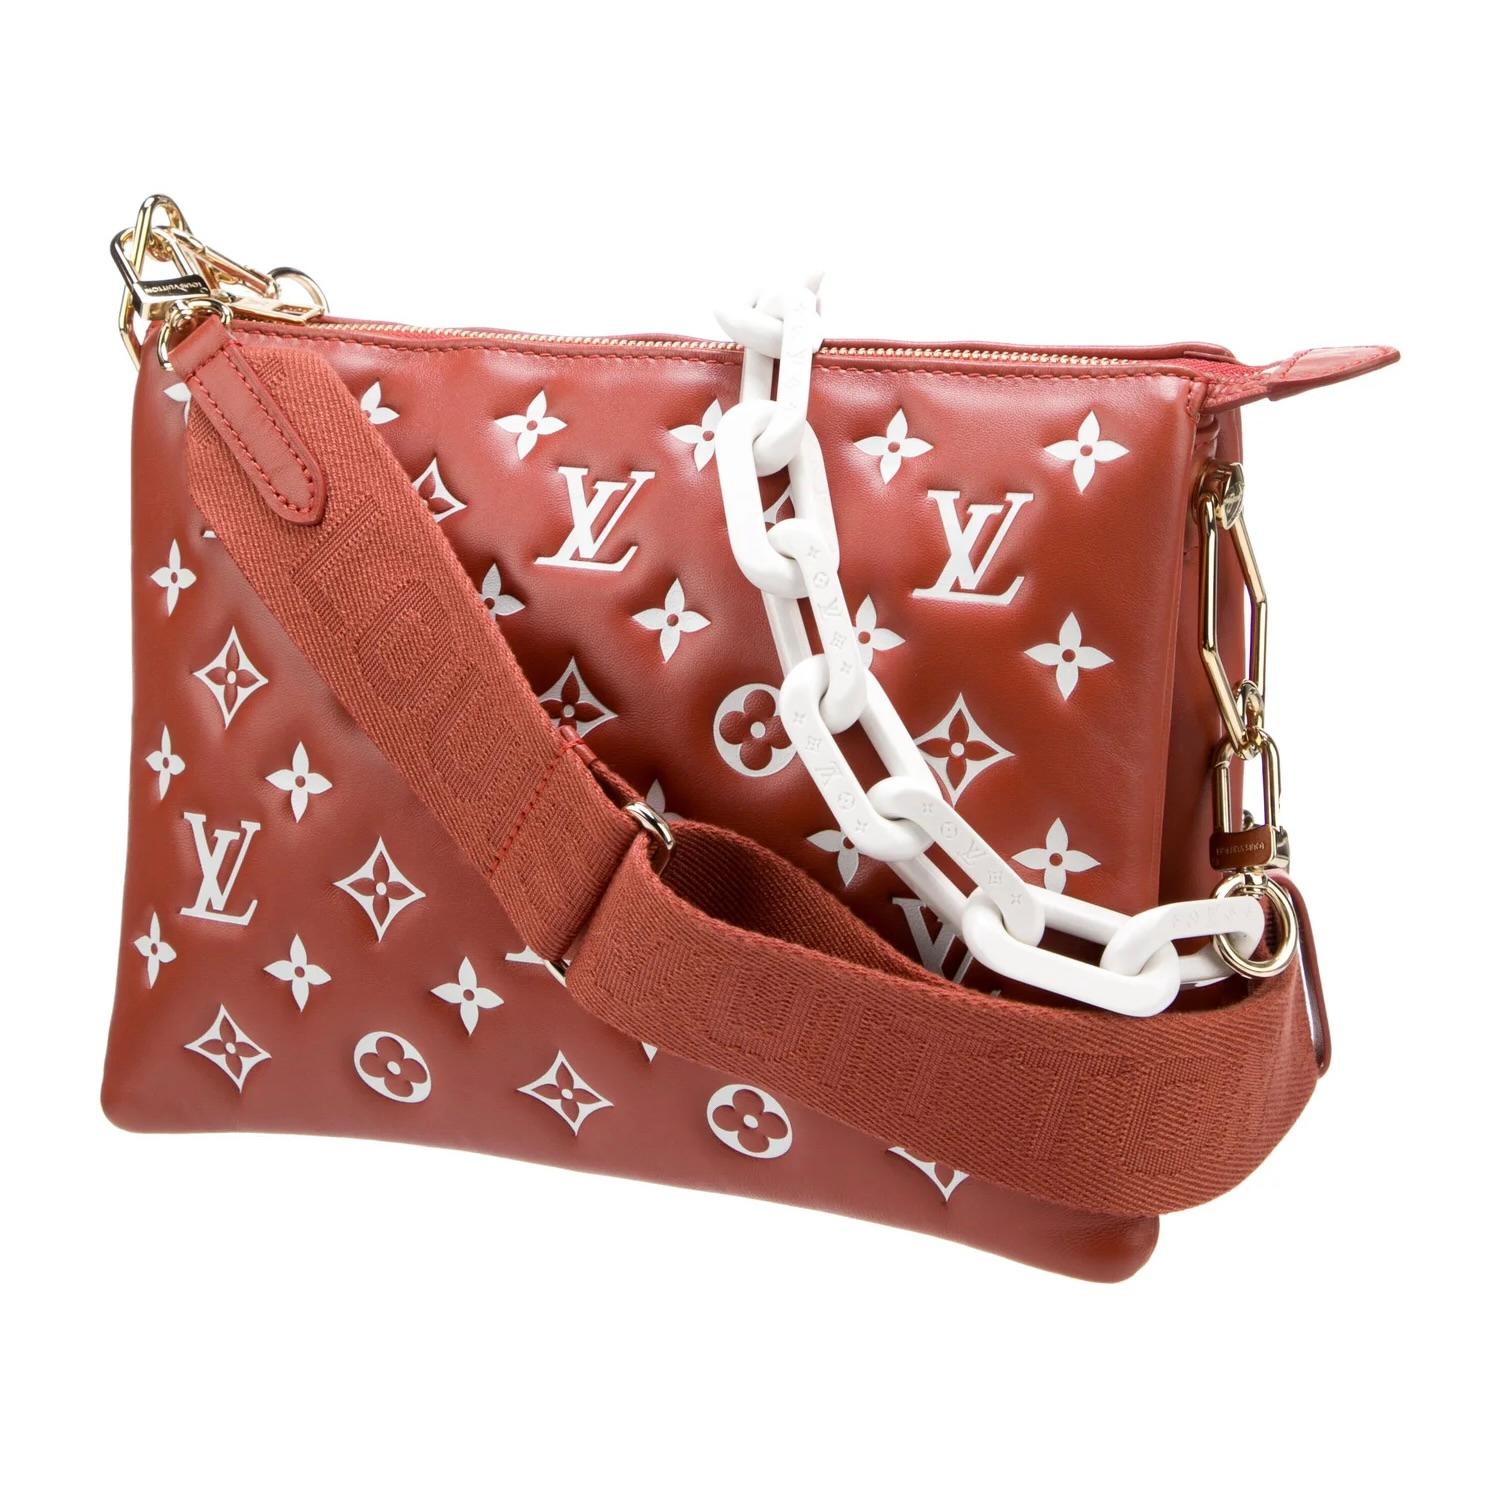 Diese Tasche stammt aus der Herbst/Winter-Kollektion 2022 von Louis Vuitton, bei der die ikonischen Logoprints im Mittelpunkt stehen, so auch bei dieser Crossbody-Bag. Die Tasche ist aus weichem und geschmeidigem Lammleder in Rot mit weißem
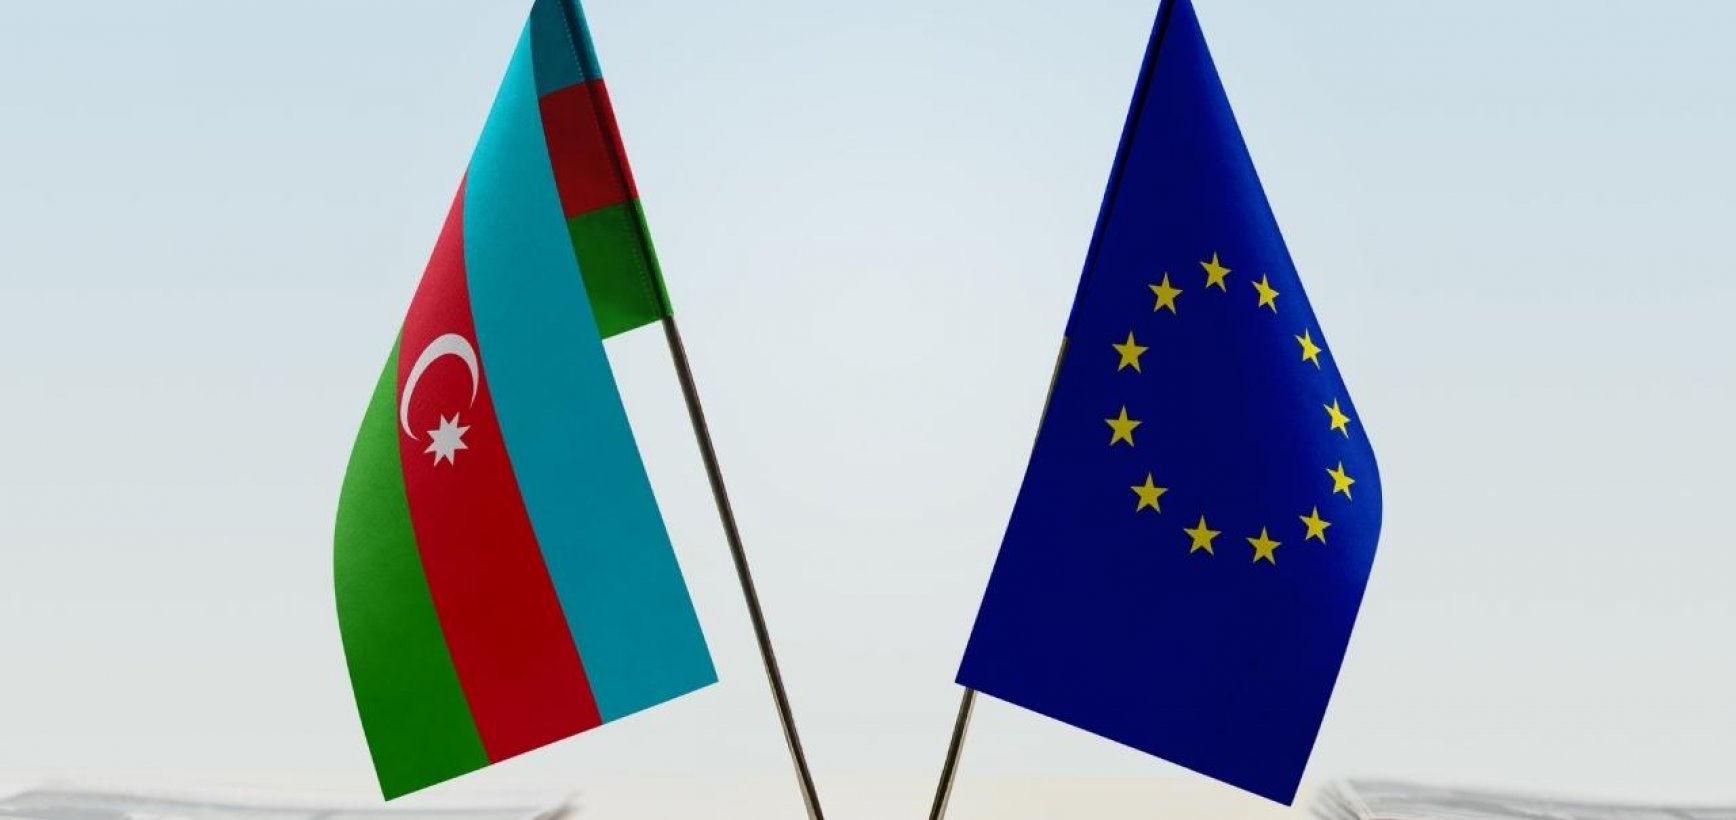 CPVA tarptautiniai projektai: ES tęsia bendradarbiavimą su Azerbaidžanu sveikatos priežiūros srityje
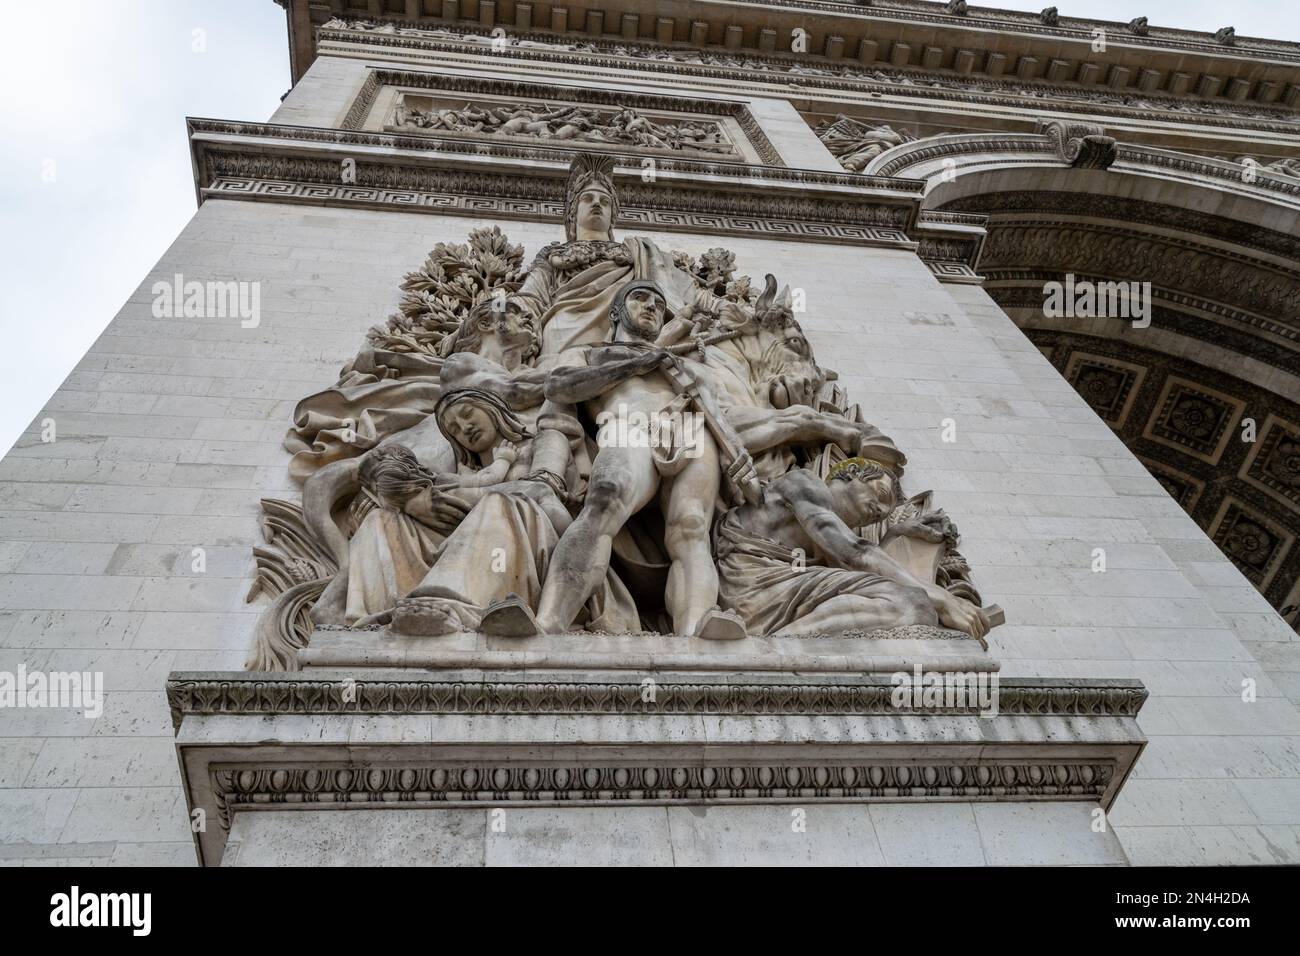 Arc de Triomphe à Paris, visite de Paris, Tourisme à Paris. Grands monuments européens, style Haussmann. Place Charles de Gaulle place de l'étoile. Banque D'Images
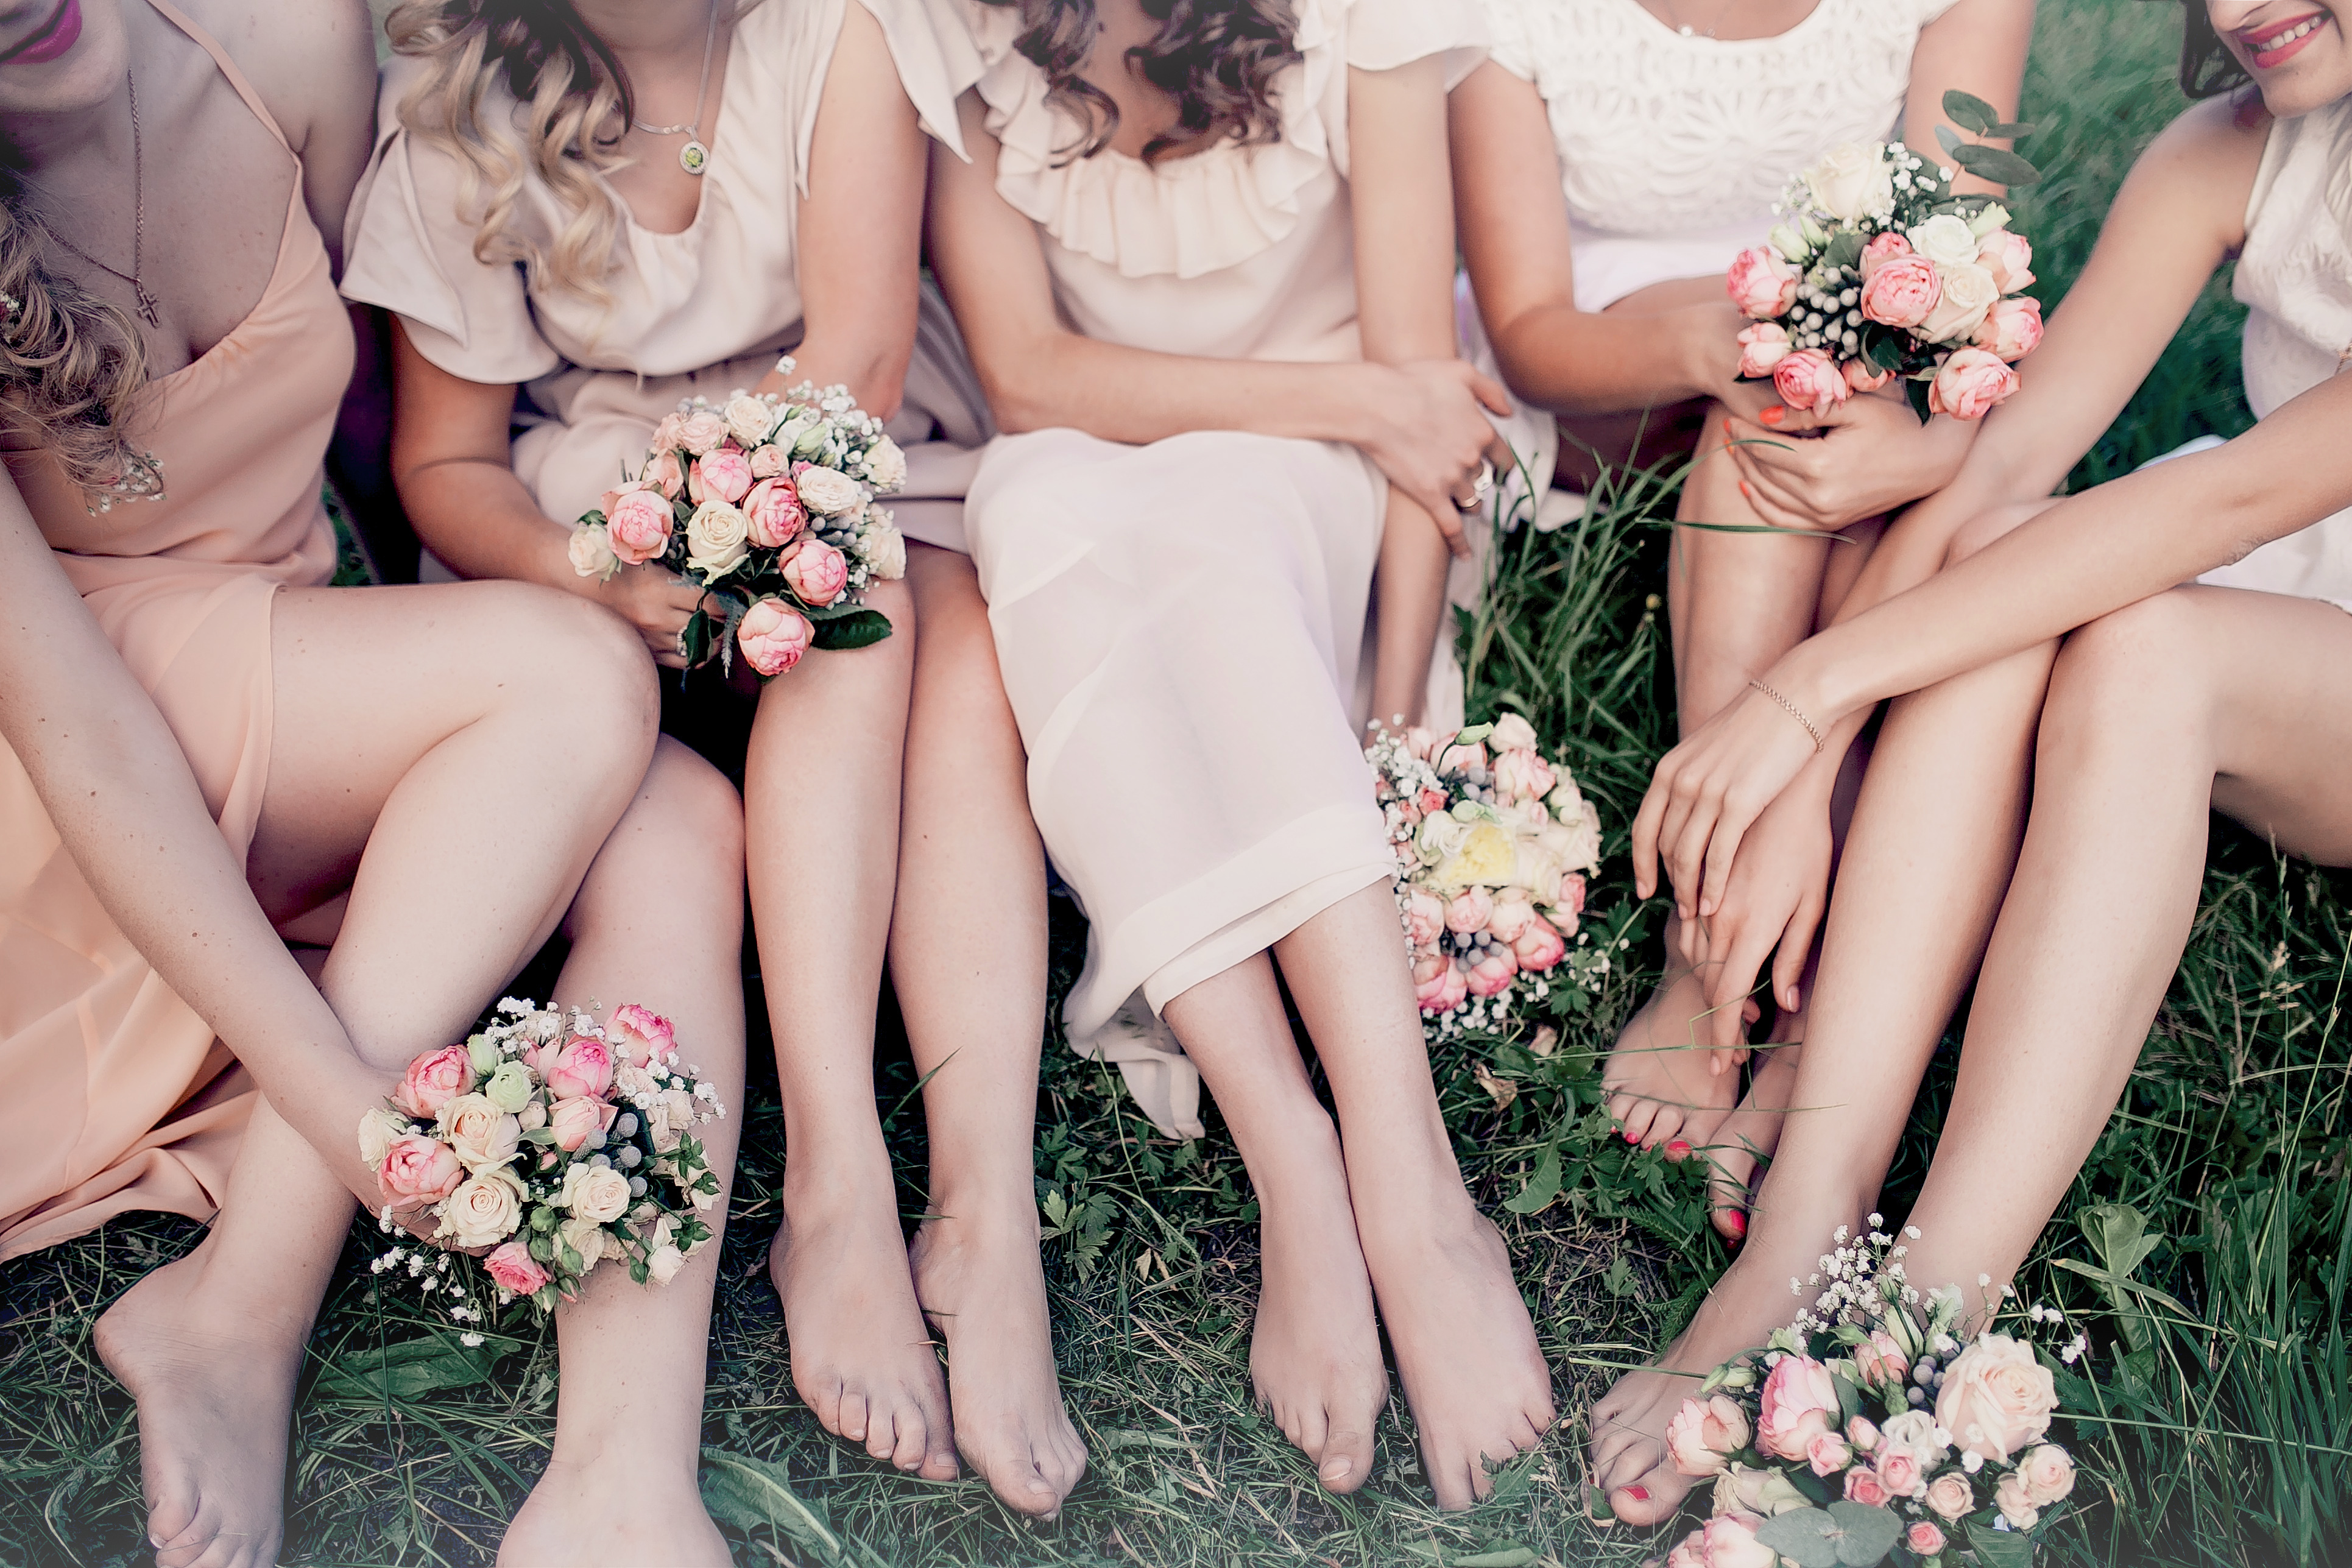 Eine Braut und ihre Brautjungfern | Quelle: Shutterstock

____

● Activity
Leaving out only the pictures, return the material above unchanged.

● Result of this exercise
 Diese Tasche stammt aus der Herbst/Winter-Kollektion 2022 von Louis Vuitton, bei der die ikonischen Logoprints im Mittelpunkt stehen, so auch bei dieser Crossbody-Bag. Die Tasche ist aus weichem und geschmeidigem Lammleder in Rot mit weißem
 CPVA tarptautiniai projektai: ES tęsia bendradarbiavimą su Azerbaidžanu sveikatos priežiūros srityje
 Arc de Triomphe à Paris, visite de Paris, Tourisme à Paris. Grands monuments européens, style Haussmann. Place Charles de Gaulle place de l'étoile. Banque D'Images
 Eine Braut und ihre Brautjungfern | Quelle: Shutterstock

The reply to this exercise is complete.